1.5.1 Pustaka Yang Relevan
Menurut Soemiyati, (1982:9-12)
dalam bukunya “Hukum perkawinan Islam dan
UUD Perkawinan No.1 Tahun 74” menurut Undang-Undang Nomor 1 Tahun 1974
pengertian pernikahan adalah ikatan lahir batin antara seorang pria dengan
seorang wanita sebagai suami isteri dengan tujuan membentuk keluarga (rumah
tangga) yang bahagia dan kekal berdasarkan Ketuhanan Yang Maha Esa. Pernikahan
dianggap sah apabila dilakukan menurut hukum perkawinan masing-masing agama dan
kepercayaan serta tercatat oleh lembaga yang berwenang menurut perundang-undangan
yang berlaku,
Perkawinan adalah salah satu bentuk ibadah
yang kesuciannya perlu dijaga oleh kedua belah pihak baik suami maupun istri.

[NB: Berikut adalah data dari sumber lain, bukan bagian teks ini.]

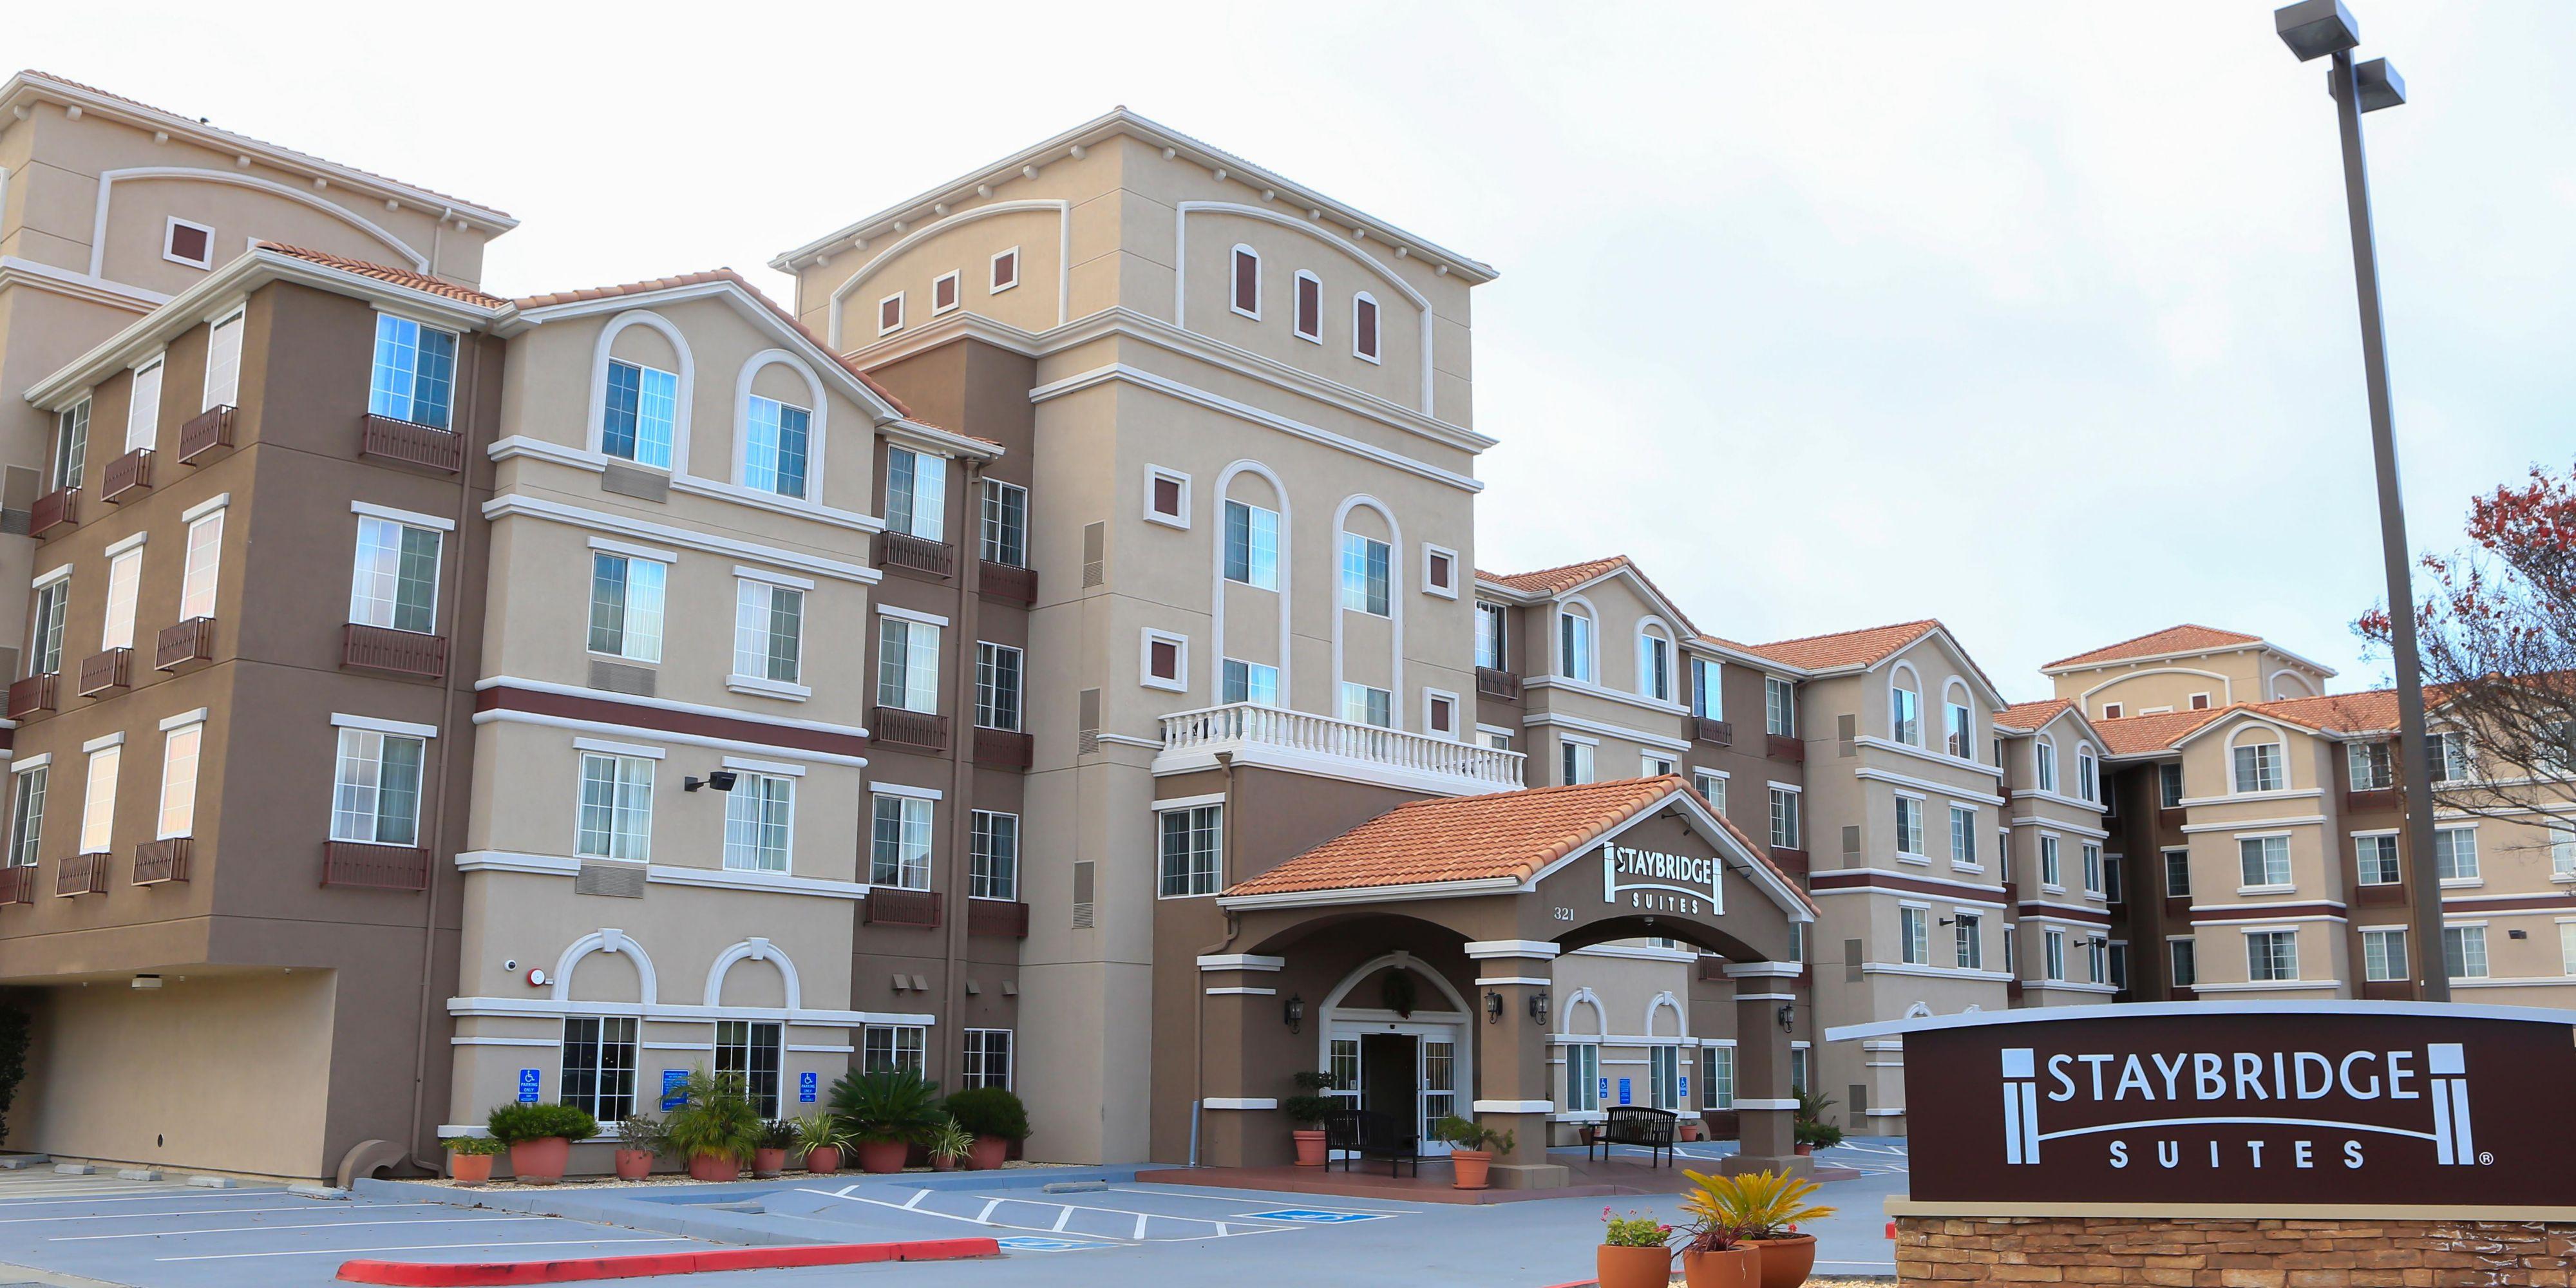 Staybridge Suites Silicon Valley-Milpitas image 0

Perkawinan bertujuan untuk membentuk keluarga yang bahagia sejahtera dan kekal
selamanya. Perkawinan memerlukan kematangan dan persiapan fisik dan mental
karena menikah / kawin adalah sesuatu yang sakral dan dapat menentukan jalan
hidup seseorang.
Menurut Hariwijaya,(2004:1) “Tata cara penyelenggaraan penikahan adat Jawa” Perkawinan merupakan sebuah
upacara penyatuan dua jiwa, menjadi sebuah keluarga akad perjanjian yang diatur
oleh agama. Oleh karena itu perkawinan menjadi agung, luhur dan sacral. Dalam
bukunya ini membahas sejumlah persoalan tata cara perkawinan atau pernikahan
yang dilakukan oleh masyarakat Jawa. Karena tujuan perkawinan adalah untuk
mejadi cinta dan kasih dalam hidup perdampingan. Mengawikan yaitu mencari
keturunan terutama.
Menurut
Hamidin, (2012:5) dalam bukunya, Buku
pintar Adat Perkawinan Nusantara; perkawinan merupakan peristiwa yang
sangat penting dan memiliki nilai yang sangat sakral. Dalam buku ini juga
membahas sejumlah proses pernikahan yang dilakukan oleh beberapa daerah di
Indonesia; Yogyakarta, Sunda, Sulawesi, Bali, Betawi dll.
1.6
Landasan Teori
Landasan terori dalam
penelitian ini adalah teori menyangkut
kebudayaan karena masih ada hubungan dengan ritualitas dalam kehidupan kemasyarakatan. Oleh karena itu, peneliti
menggunakan teori kebudayaan yang relevan dengan penelitian ini.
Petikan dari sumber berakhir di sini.